These pieces originally appeared as a weekly column entitled “Lessons” in The New York Times between 1999 and 2003.
[ THIS ARTICLE FIRST APPEARED IN THE NEW YORK TIMES ON OCTOBER 27, 1999 ]
Shortage of Skills? A High-Tech Myth
We’ve got bipartisan agreement that our new high-tech economy demands radical education reforms. What worked once won’t work anymore.
As Al Gore puts it, 60 percent of new jobs will require advanced technological skills. Bill Bradley says school improvement is one thing we need to lead in the 21st century. George W. Bush demands reform because our new economy requires higher skills.
But it is not really true. Overall skill growth required by jobs of the future is modest. In fact, skill requirements are growing more slowly than in the past. School improvement may be a good idea, but we need better reasons for it than a false skills crisis because if we reform schools for the wrong reasons, we will reform them in the wrong ways.
Of course, schools must prepare young people for millions of new jobs. But, while technologically sophisticated jobs will grow, the biggest chunk of openings will be in services — and not very high-tech services at that.
In the next decade, about five million new jobs will be created for food workers, including kitchen help, waiters and waitresses. Another four million will be for cashiers and retail salespeople. More than three million will be for clerks. Two million will be for helpers, packagers and laborers. Openings for truck drivers will abound.
Managerial and professional occupations will also need more workers, but their numbers pale compared with openings requiring less education. Employers will hire more than three times as many cashiers as engineers. They will need more than twice as many food-counter workers, waiters and waitresses than all the systems analysts, computer engineers and database administrators combined.

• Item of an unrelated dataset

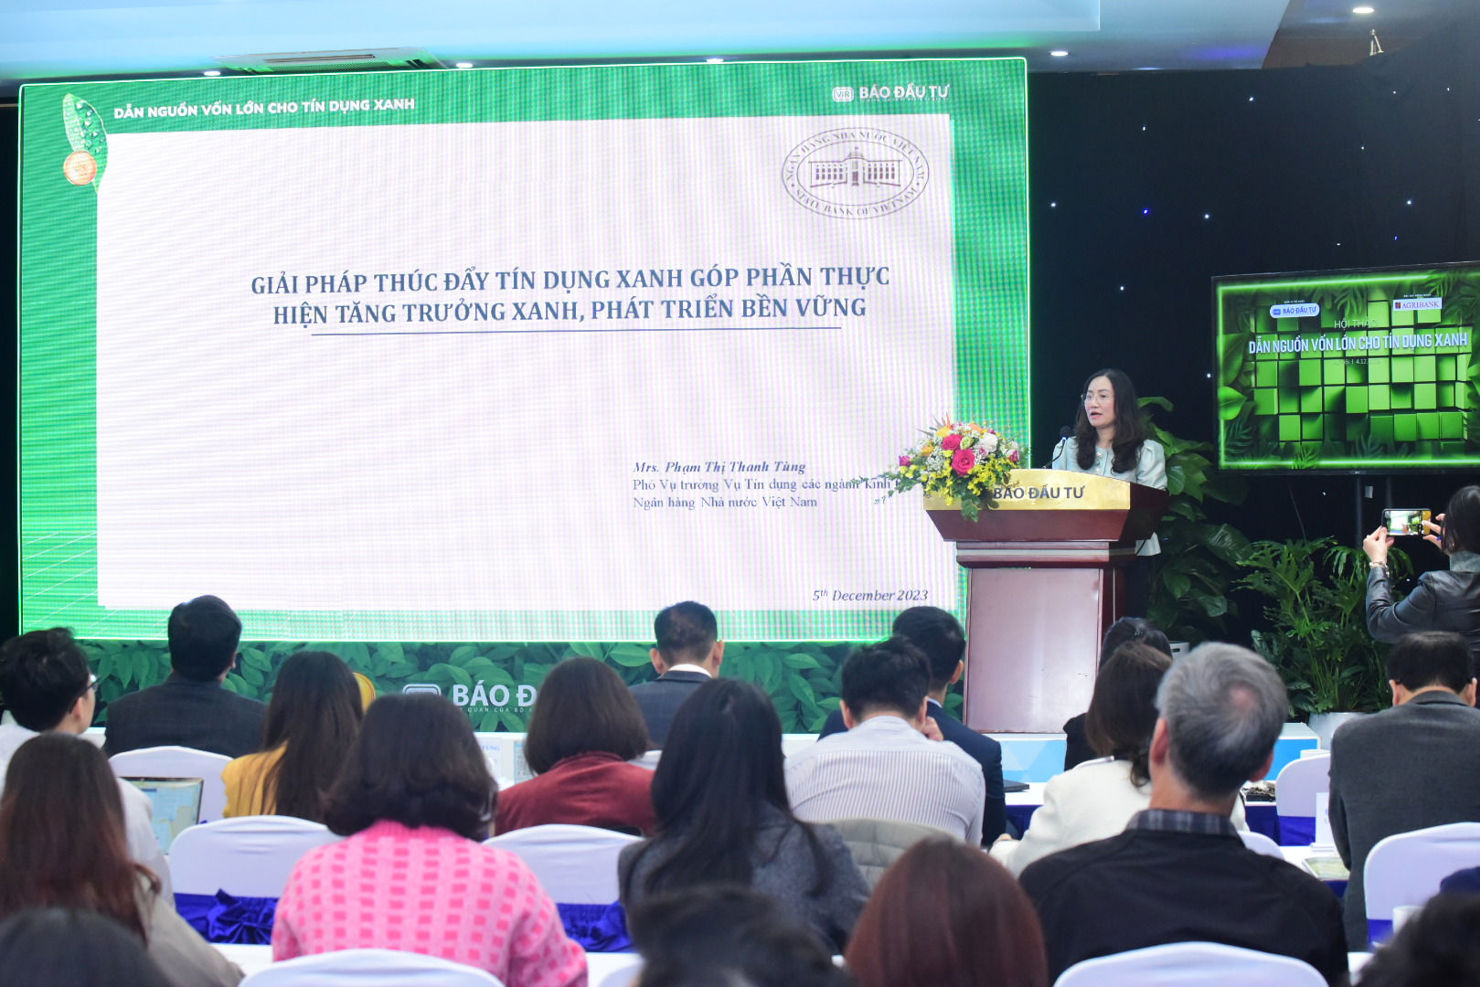 Bà Phạm Thị Thanh Tùng - Phó Vụ trưởng, Vụ Tín dụng các ngành kinh tế chia sẻ giải pháp thúc đẩy tín dụng xanh.

How did we convince ourselves that schools must prepare an entire generation of young people who know calculus? Partly, we have confused occupational growth rates with the number of new jobs. Computer engineering and science employment will increase by a whopping 100 percent, while food service grows by only 11 percent. But computer science is a relatively small field, so new positions generate rapid growth rates. There are more waitresses today, so smaller percentage growth yields more new jobs.
We are also misled by a truism that more employees use computers at work. Computers often reduce skill levels. Think about supermarket cashiers using computers to scan bar codes. Many workers may need less education, not more, when jobs are computerized.

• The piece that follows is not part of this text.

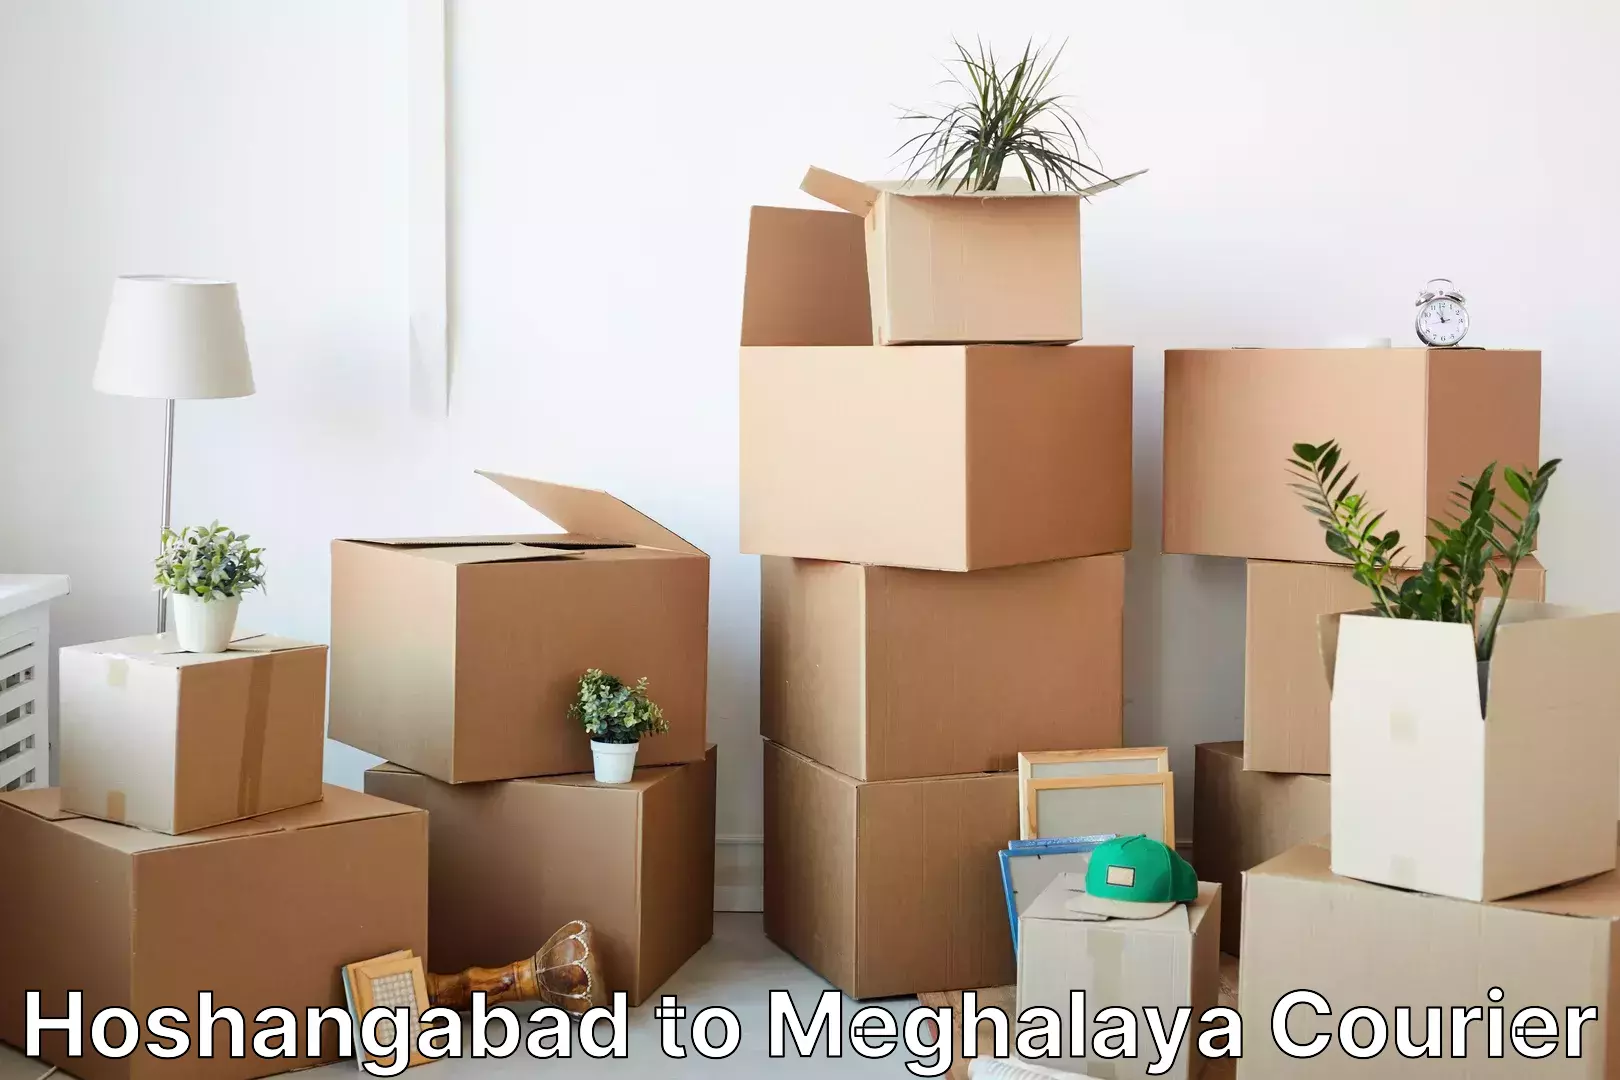 Urgent courier needs Hoshangabad to Meghalaya

And we naturally focus on what is new, overlooking what is unchanged. Amazon.com may market in cyberspace, but it creates more jobs for warehousemen than for Web site designers. It takes no more education to drive a forklift at Amazon than at Kmart.
Of course, we do face some shortages in skills. But we also have many jobs where workers, including college graduates, are now overeducated for tasks they perform. And many shortages in skills are temporary. We don’t have enough engineers, but a decade ago we had too many. Students then, seeing few openings, switched to other fields, creating today’s shortage.

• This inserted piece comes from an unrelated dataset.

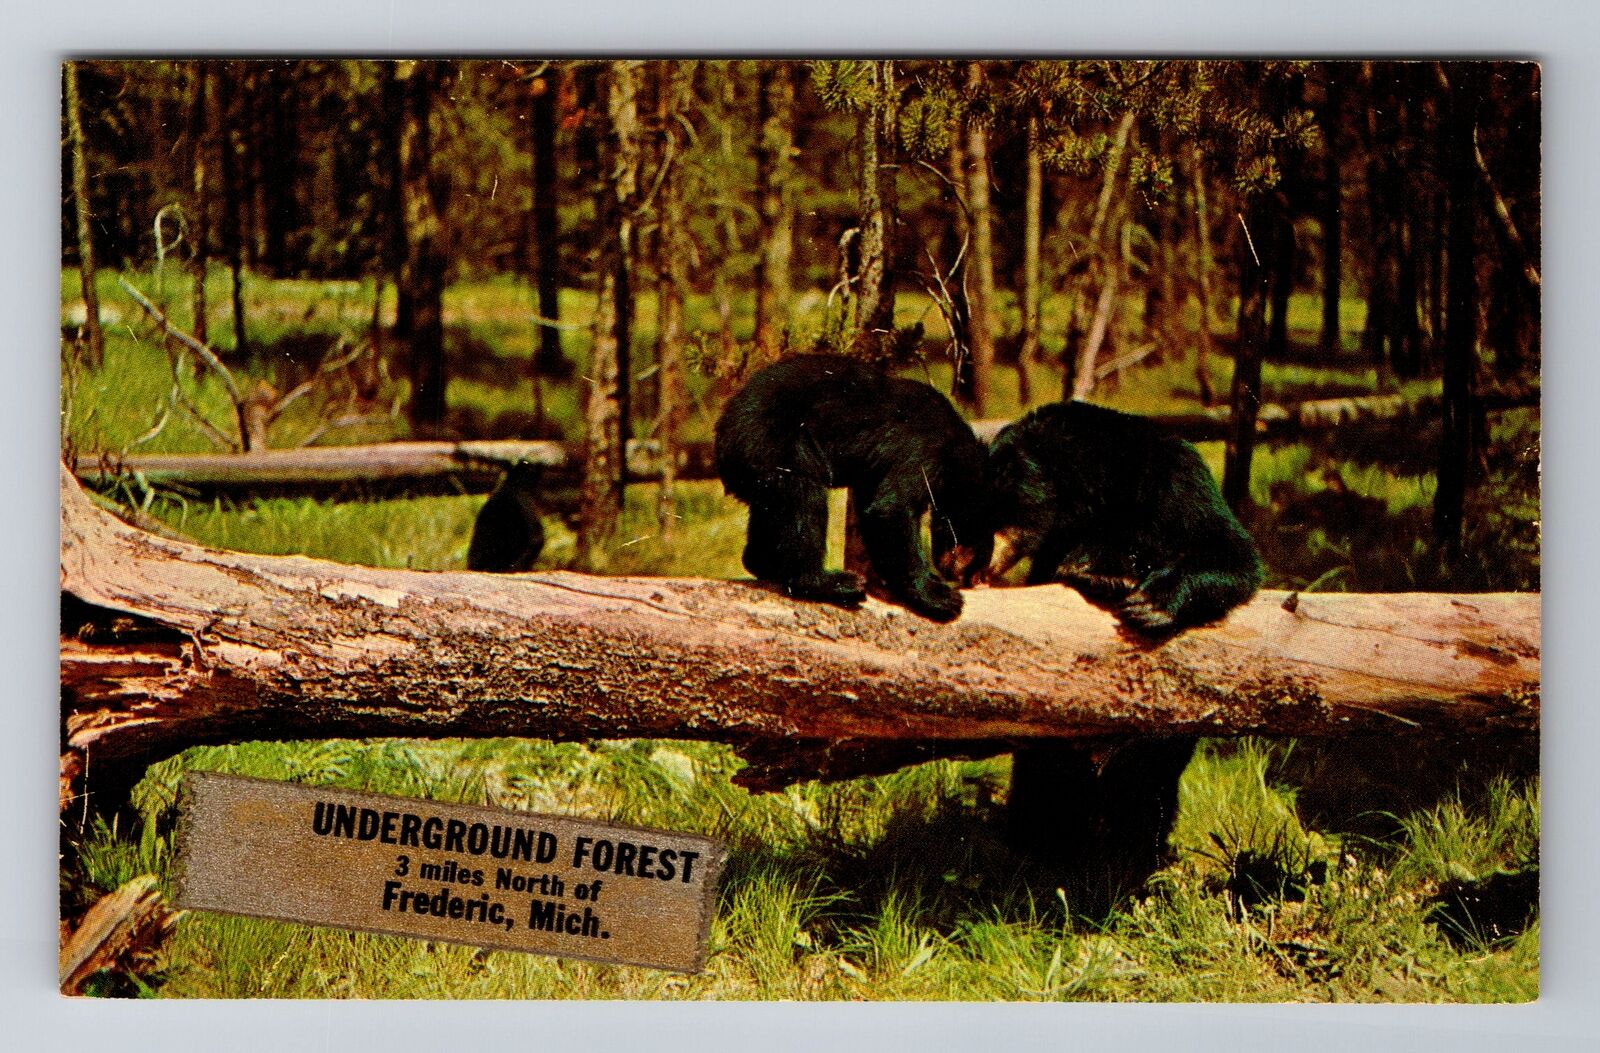 Frederic MI-Michigan, Underground Forest, Antique, Vintage Souvenir Postcard

In time, supply and demand will readjust. We shouldn’t confuse shortages in specific fields with an overall lack of academic qualifications. The Labor Department projects an increase from 1996 to 2006 of less than 1 percent in the overall share of workers in occupations requiring a college degree.
False expectations that if all children get higher math scores they will all get better jobs encourage us to duck critical decisions about how schools relate to society. We rightly want schools to equip rich and poor, black and white, to compete equally for better jobs. And we want all young people, regardless of background, to get good jobs, for which we expect better schools to qualify them.
But this hope can’t be fulfilled. We already enroll enough college students to fill foreseeable vacancies in professional fields. Increasing the number of applicants does little to increase the number of vacancies.
So we face a challenge: If academic outcomes improve for all, what will determine which children win, and which lose, that race?
Imagine that schools further narrow achievement gaps between advantaged and disadvantaged children. If highly paid, highly skilled jobs are limited, and more children from Brooklyn win them, fewer children from Scarsdale will do so. If improved qualifications empower more poor children to become computer scientists, more rich children will have to settle for being waiters.
This seems decent and fair, but we have a lot of introspection, debate and economic reform ahead before it can happen. Perhaps, for example, raising academic achievement for disadvantaged children also requires, as a practical matter, raising the relative pay of waiters to make these jobs more acceptable to advantaged children (and to their parents, who are asked to pay taxes to improve the competitiveness of inner-city graduates).
We can’t face these critical issues of 21st-century education with minds clouded by a “high tech jobs of the future” fog.